Metabolite assays, the mainstay of diagnosis for most inborn errors of organic acid metabolism, are nonspecific in mHS deficiency. A tentative diagnosis of mHS deficiency can be proposed in patients whose clinical presentation suggests a fatty acid oxidation disorder (fatty liver, hypoketotic hypoglycemia, dicarboxylic aciduria) but in whom a nondiagnostic pattern of plasma acylcarnitines is present. To date, a definitive diagnosis of mHS deficiency has only been possible enzymatically. Enzyme assay for mHS is invasive, requiring biopsy of an expressing tissue such as liver. Furthermore, mHS assays are fraught with methodological problems because enzymes acting upon both of its substrates and its product are present at activity levels higher than those of mHS (21). In whole tissue homogenates, cytoplasmic HS contributes background interference, and thus the true extent of mHS deficiency can only be evaluated approximately.

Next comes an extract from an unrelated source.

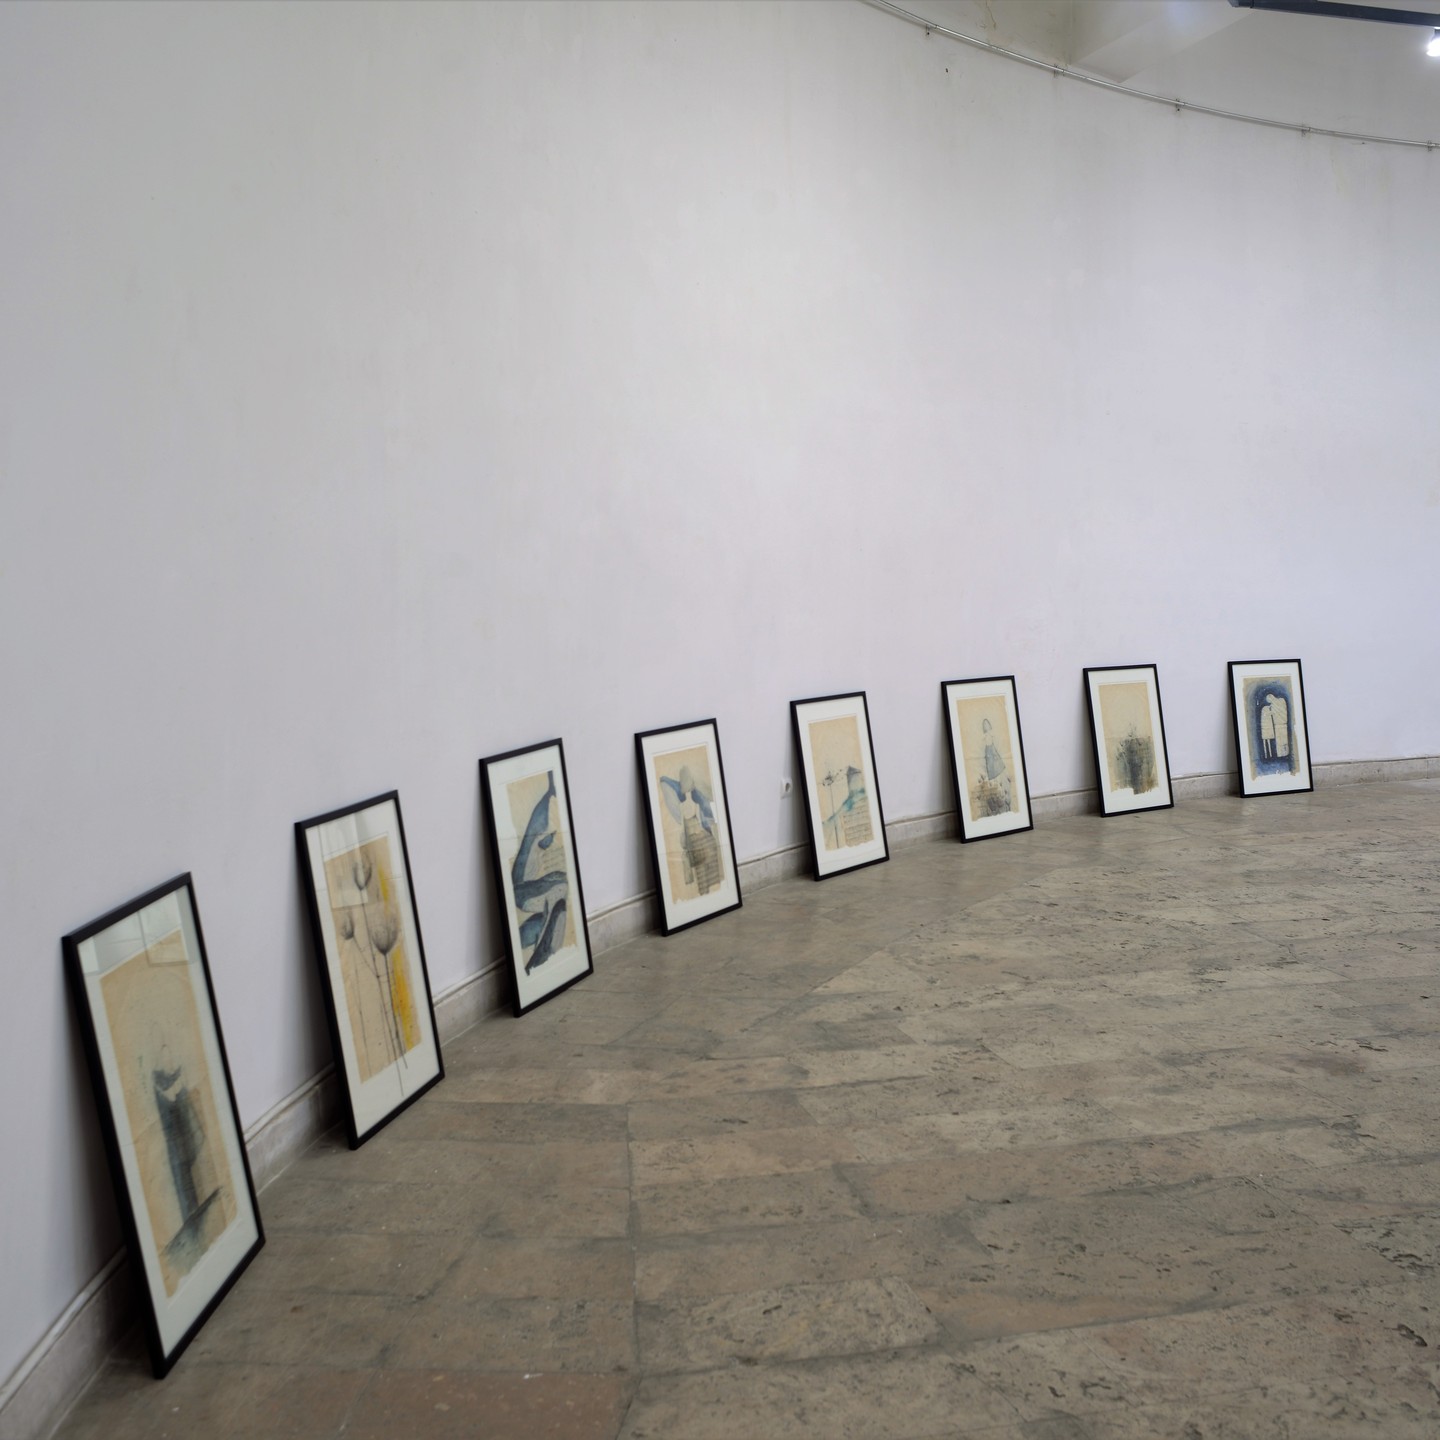 Армянская живопись, фотобиблиотека и NFT: гид по Еревану для поклонников современного искусства (фото 17)

Molecular analysis of mHS is a useful addition to the above techniques. It does not require access to an expressing tissue, is predicted to detect most pathologic mutations, and provides definitive evidence of mHS deficiency if a pathogenic mutation is documented. The limits of mutation testing for mHS are also illustrated by this report. Our initial results suggest that mHS deficiency will be caused by a variety of mutations, so screening for common mutations will not be appropriate. In both patients reported, complete sequencing of exons and flanking intronic sequences was necessary. Such techniques of mutation detection and proving the pathogenicity of missense mutations are labor-intensive. As illustrated by patient 2, some deleterious mutations are not detected by current methods. Therefore, the finding of a negative molecular result must be weighed against the clinical and biochemical evidence in favor of the diagnosis. Conversely, for confirmed cases like patient 2, in whom a mutation is not detectable on one allele, the intragenic markers described in this article or reported previously (12) could be used for noninvasive presymptomatic diagnosis of other family members.